Recently an intergenerational team from our church, Hillside Community, ran a half-marathon as part of Team World Vision to raise nearly $90,000 for clean water initiatives globally.
Hannah is a 15-year old who offered her own reflections afterward on how this experience became about much more than running:
I always wanted to be able to run a marathon or at least a half. I had watched my brother run multiple marathons and it always looked like so much fun, but I never had enough motivation to actually do it. When the half marathon was announced in church I had just been thinking more about how I really wanted to run long distance and this seemed like the perfect opportunity to run, get more involved at church, and help a good cause in Africa.
At a lot of church events in the past, I have felt uncomfortable. As a shy person who doesn’t do well with events totally based on social interaction, I never thrived with the rambunctious games or long, unorganized periods of “socializing time.” Going into training, I was afraid it might be the same, but it turned out to be completely the opposite.
I was able to connect with different generations of the church: people my parents are friends with, but who I have never really gotten to know because we have been constantly isolated with only our own age groups at church activities.

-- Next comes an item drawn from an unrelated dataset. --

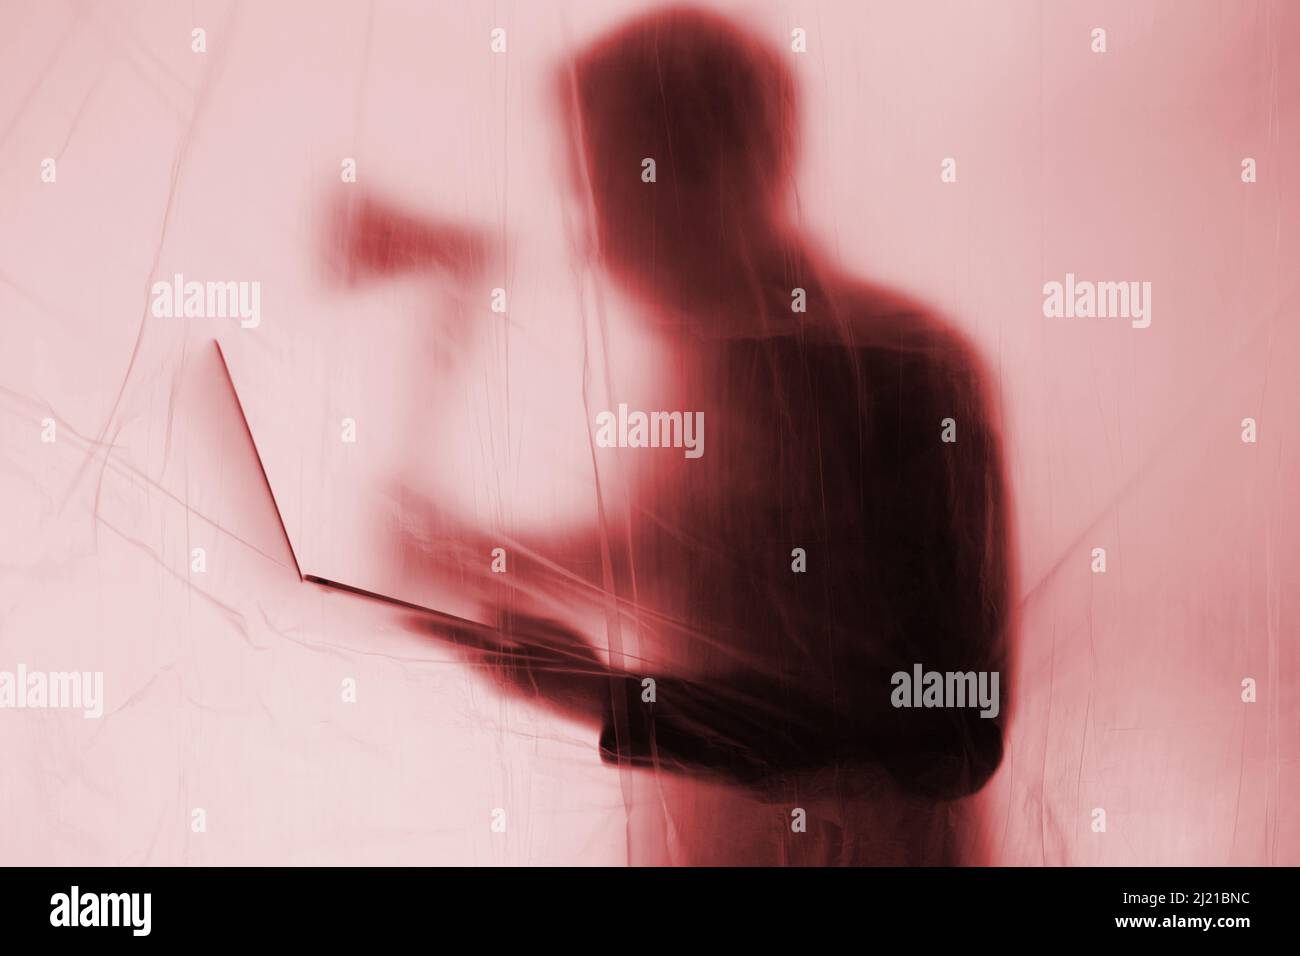 Anonyme Hacker commet la cybercriminalité avec ordinateur portable en main. Une hache est retenue pour symboliser l'intrusion de force de systèmes INFORMATIQUES pour exploiter. Banque D'Images

There were only a handful of people my age running the race, which surprised me at first, but over the course of months of training, I grew incredibly close to each of them.
Running 13.1 miles this morning, I saw all of these relationships and truly understood how close a church family is meant to be. As I ran, I would see others from our team and we would cheer for each other, shout encouragement across the sea of runners, and keep going, knowing that we were each backed by 200 others all doing the same activity together on a chilly January morning. As I passed the mile 13 marker, the cheers of other Hillsiders pushed me to the finish line.
Afterwards we talked with one another; real, deep conversations about how we have changed over these past few months. It dawned on me that perhaps for the first time in my fifteen years at Hillside, I feel like I belong, like I am a valued piece of something bigger than myself: a community of believers who all truly love one another.
When I started training, I would have said that I run to be as impressive as my brother, to have that medal around my neck instead of simply being the little sister at the finish line. But over these months, my view has changed. Now I would say that I run to connect with the church, to form bonds that will last a lifetime. We have all experienced a lot over the past few months: moments of joy and moments of sorrow, moments of peace and moments of pain, but what was most important was that we could all share these moments together. A true church family, united by a cause and a God much bigger than any of us could ever imagine.